Emergency surgery indications: ① Acute small intestine obstruction; ② Toxic megacolon unresponsive to conservative treatment; ③ Suspected acute appendicitis; ④ Acute intestinal perforation or severe bleeding unresponsive to conservative treatment; ⑤ Intestinal infections uncontrolled by antibiotics.
Elective surgery indications: ① Poor response to medical therapy with persistent intestinal obstruction and abdominal pain, or lack of general improvement; ② Severe adverse drug reactions; ③ Complications such as fistulas, severe perianal lesions, or severe intra-abdominal abscesses; ④ Suspected malignancy.
Surgical approaches: ① Simple lesion resection; ② Rectal, colonic, or subtotal colectomy; ③ Ileostomy.
This disease is mostly chronic and progressive, and although it may resolve on its own, it often recurs. The vast majority of patients can achieve some degree of recovery with appropriate treatment.
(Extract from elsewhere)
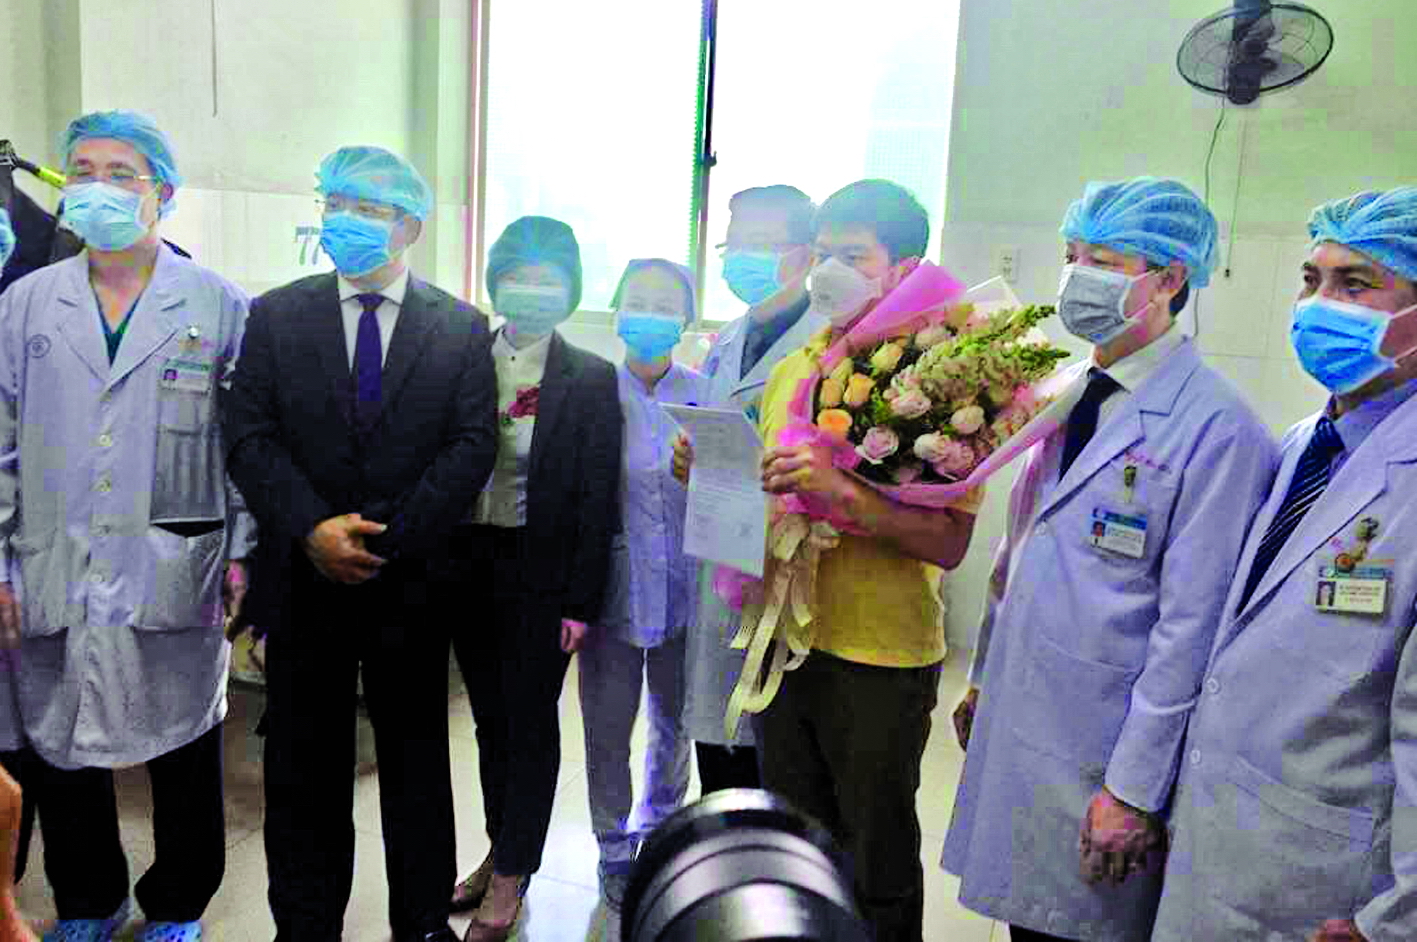 Các y bác sĩ chúc mừng bệnh nhân Trung Quốc đã chữa khỏi bệnh viêm phổi Vũ Hán và được xuất viện tại Bệnh viện Chợ Rẫy ngày 4/2 (bệnh nhân ôm hoa)

About half of the patients survive 15 years after onset. Acute severe cases often present with severe toxemia and complications, resulting in a poorer prognosis, with a recent mortality rate of approximately 3–10%. In recent years, it has been found that the cancer rate in Crohn's disease is also relatively high.
More than 40% of cases experience varying degrees of intestinal obstruction, which can recur. Acute intestinal perforation accounts for 10–40%. Conditions such as anal and rectal lesions, fistulas, toxic megacolon, and cancerous changes are relatively rare in China. Crohn's disease can manifest with numerous extraintestinal or systemic sexually transmitted diseases, including arthralgia (inflammation), aphthous ulcers, erythema nodosum, pyoderma gangrenosum, inflammatory eye disease, chronic active hepatitis, fatty liver, gallbladder stones, sclerosing cholangitis and pericholangitis, kidney stones, thrombophlebitis, ankylosing spondylitis, vasculitis, Behçet's disease, amyloidosis, osteoporosis, and clubbing of fingers. Those who develop the disease at a young age may exhibit growth retardation.
When diagnosing this disease, other intestinal infections and lesions, vascular diseases, and tumors should be excluded, such as bacterial dysentery, amoebic dysentery, intestinal tuberculosis, schistosomiasis, as well as enteritis caused by other diseases, colorectal cancer, small intestine lymphoma, fleshy tumors, carcinoid tumors, chronic intestinal fungal infections, and intestinal Behçet's disease.